Raspberry Pi Launches AI HAT+ 2 With Hailo‑10H and 8GB RAM for On‑Device GenAI

Independent tests show mixed gains versus the Pi 5 CPU.

Overview

The $130 add‑on for Raspberry Pi 5 runs generative models locally using a Hailo‑10H NPU paired with 8GB of on‑board RAM to preserve privacy and reduce latency.
Raspberry Pi lists launch models including DeepSeek‑R1‑Distill, Llama 3.2, Qwen2.5‑Coder 1.5B, Qwen2.5‑Instruct 1.5B, and Qwen2 1.5B, with more and larger options planned.

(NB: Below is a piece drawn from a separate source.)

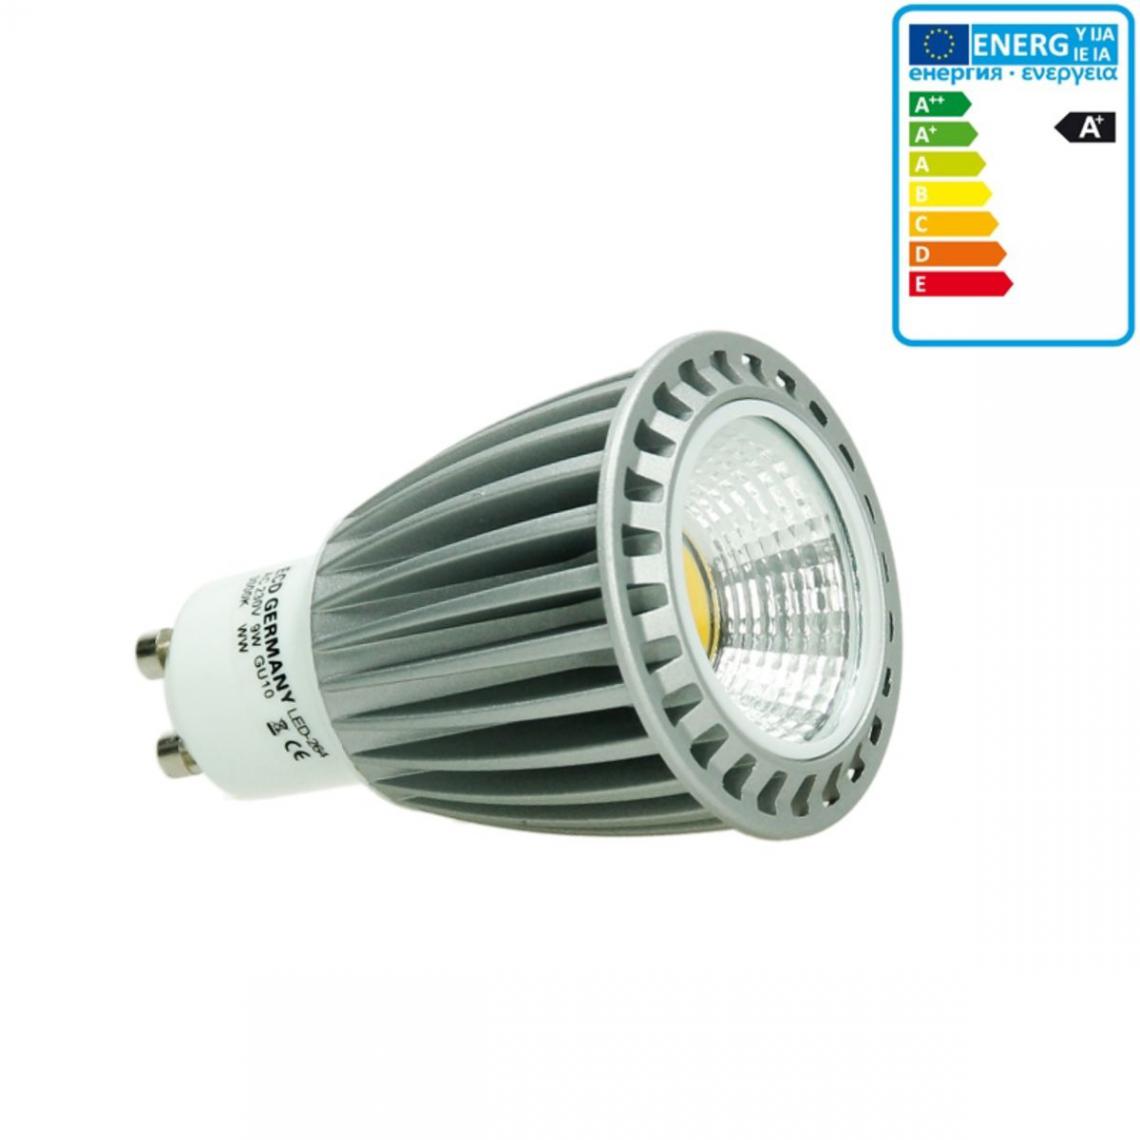 Ecd Germany - ECD Germany LED COB GU10 Spot Lampe Ampoule 9W Blanc Chaud - Ampoules LED

The board delivers 40 TOPS (INT4) for LLM/VLM inference and offers computer‑vision performance broadly equivalent to the prior 26‑TOPS AI HAT, with tight integration into the Pi camera stack.

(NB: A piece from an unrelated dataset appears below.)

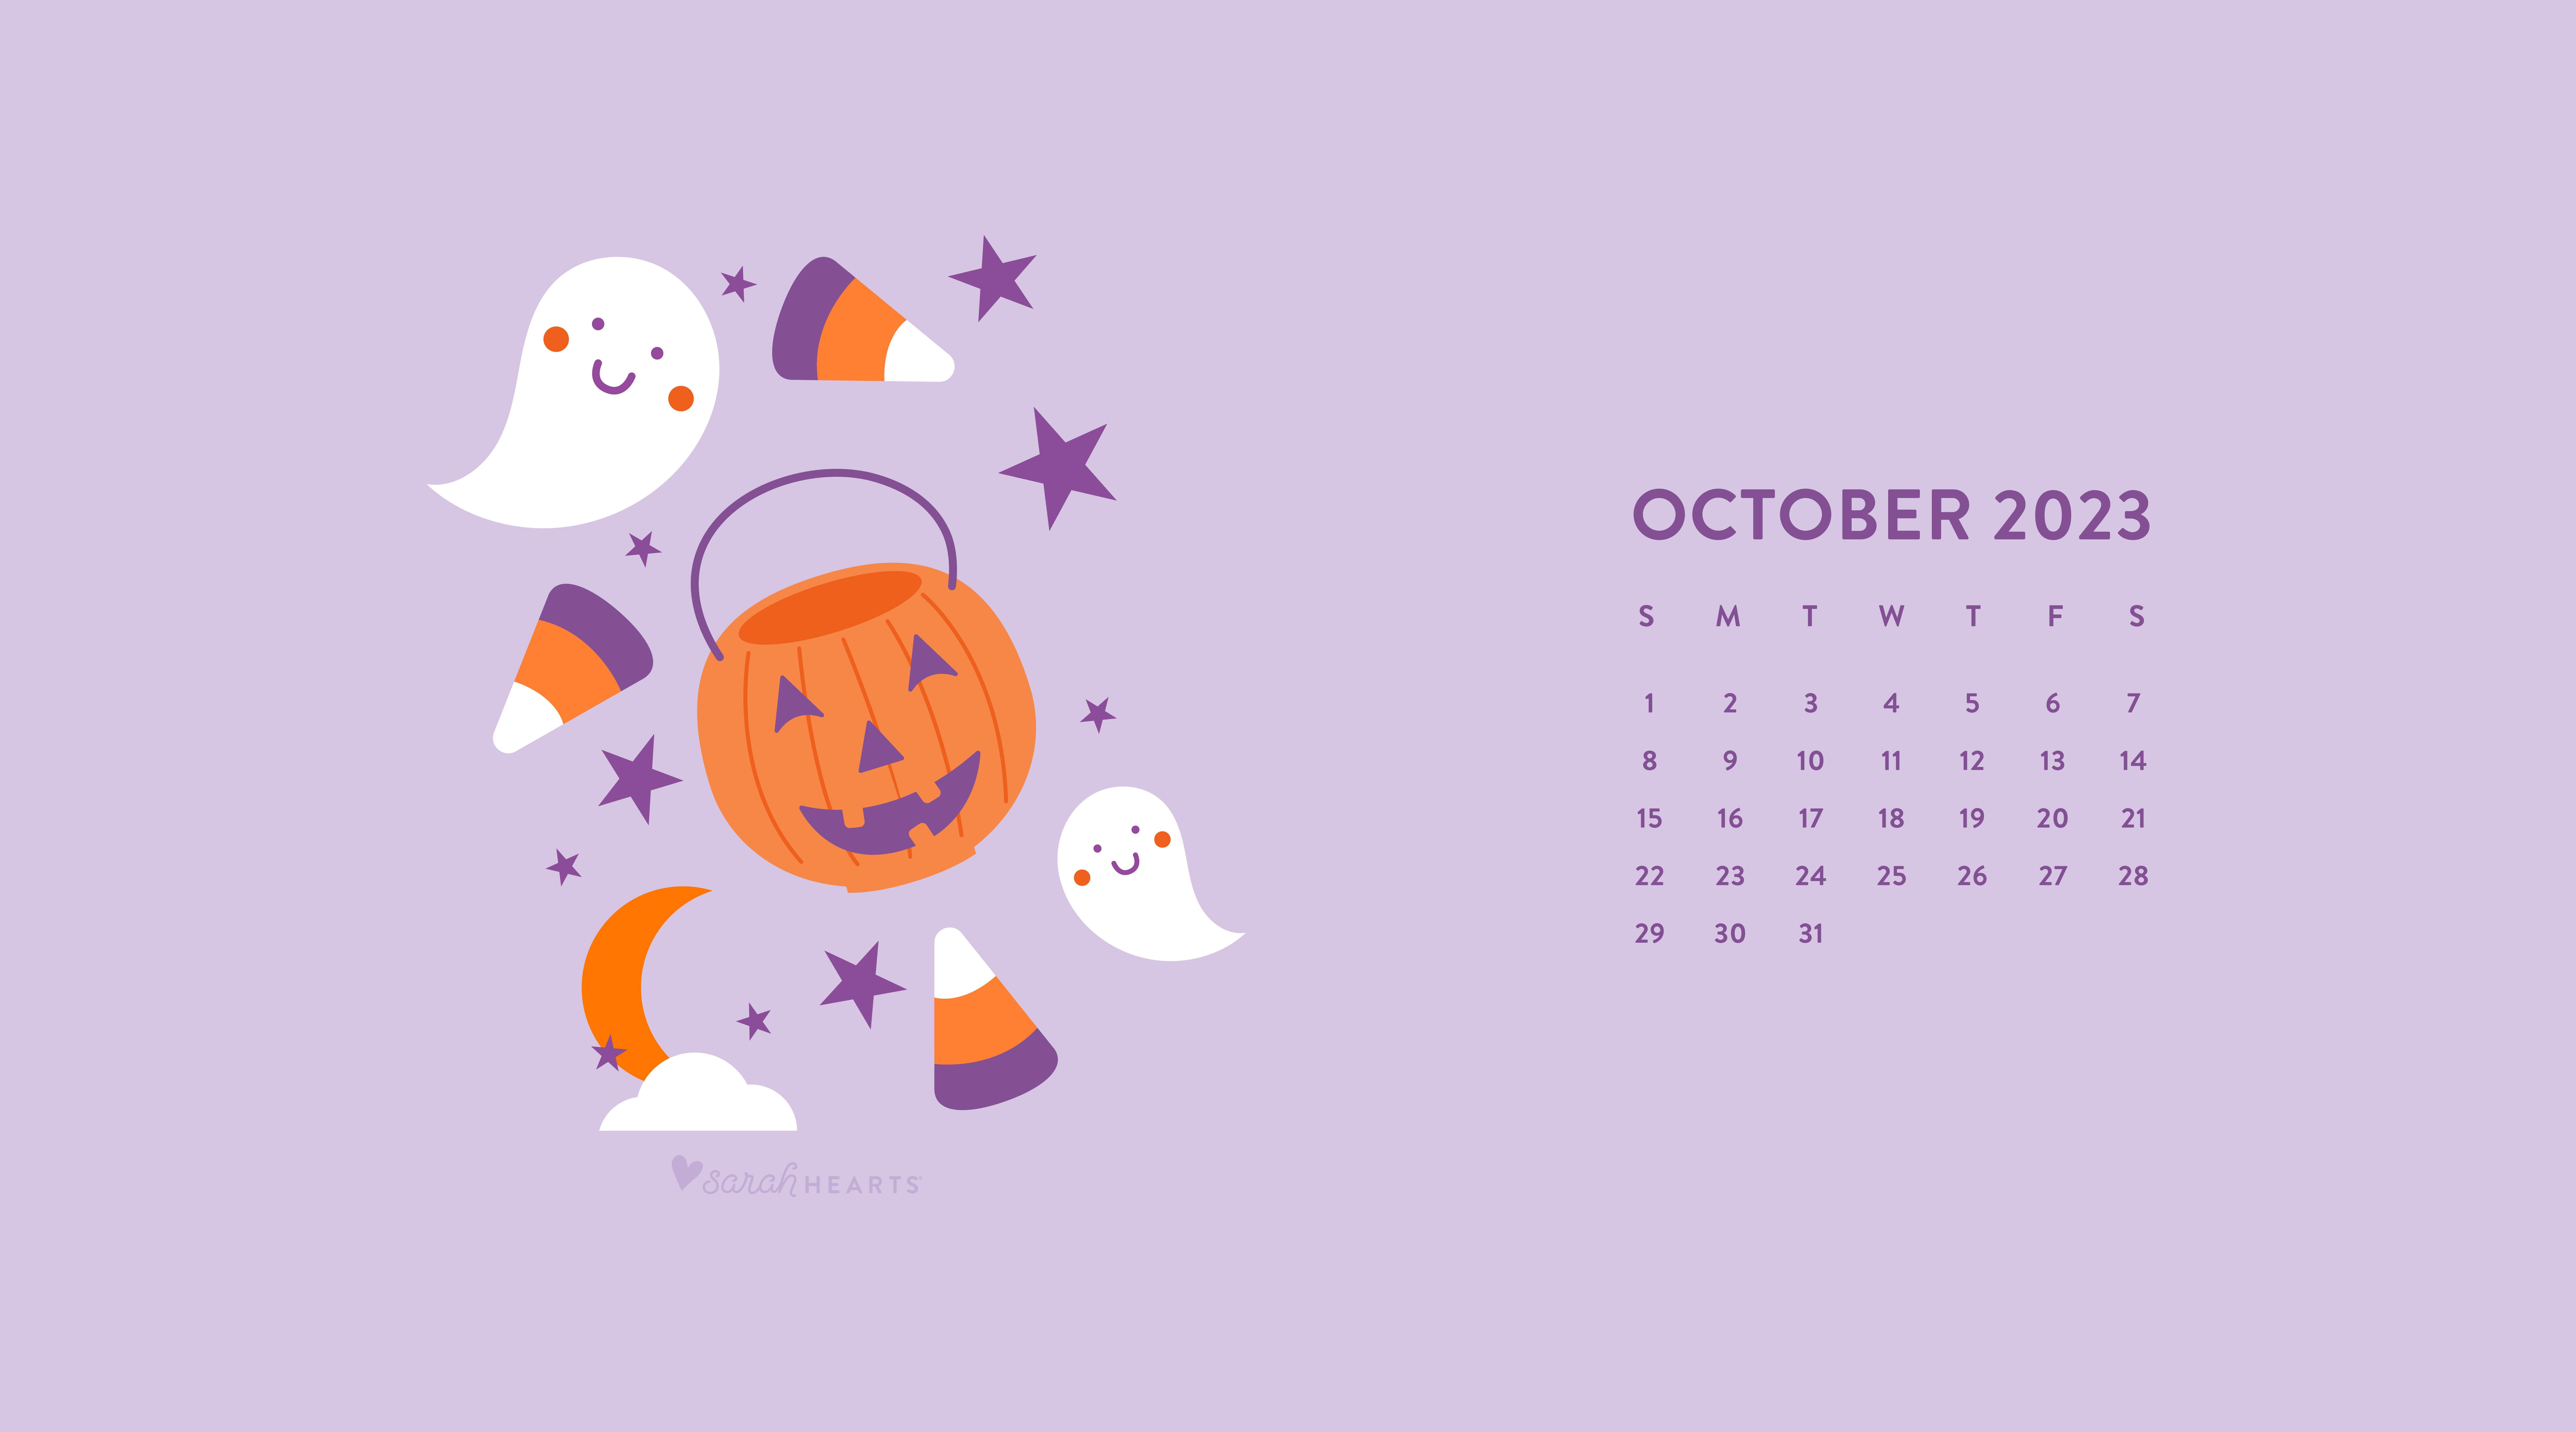 October 2023 Halloween Calendar Wallpaper

Early benchmarks from Jeff Geerling report the Pi 5 CPU often outpacing the Hailo‑10H on LLMs, with the NPU closer on Qwen2.5‑Coder 1.5B and operating under a 3W power envelope versus roughly 10W for the Pi SoC.
Hailo provides a hailo‑ollama backend and Dataflow Compiler with LoRA fine‑tuning support, though tests flagged outdated examples and errors when attempting concurrent vision and inference workloads.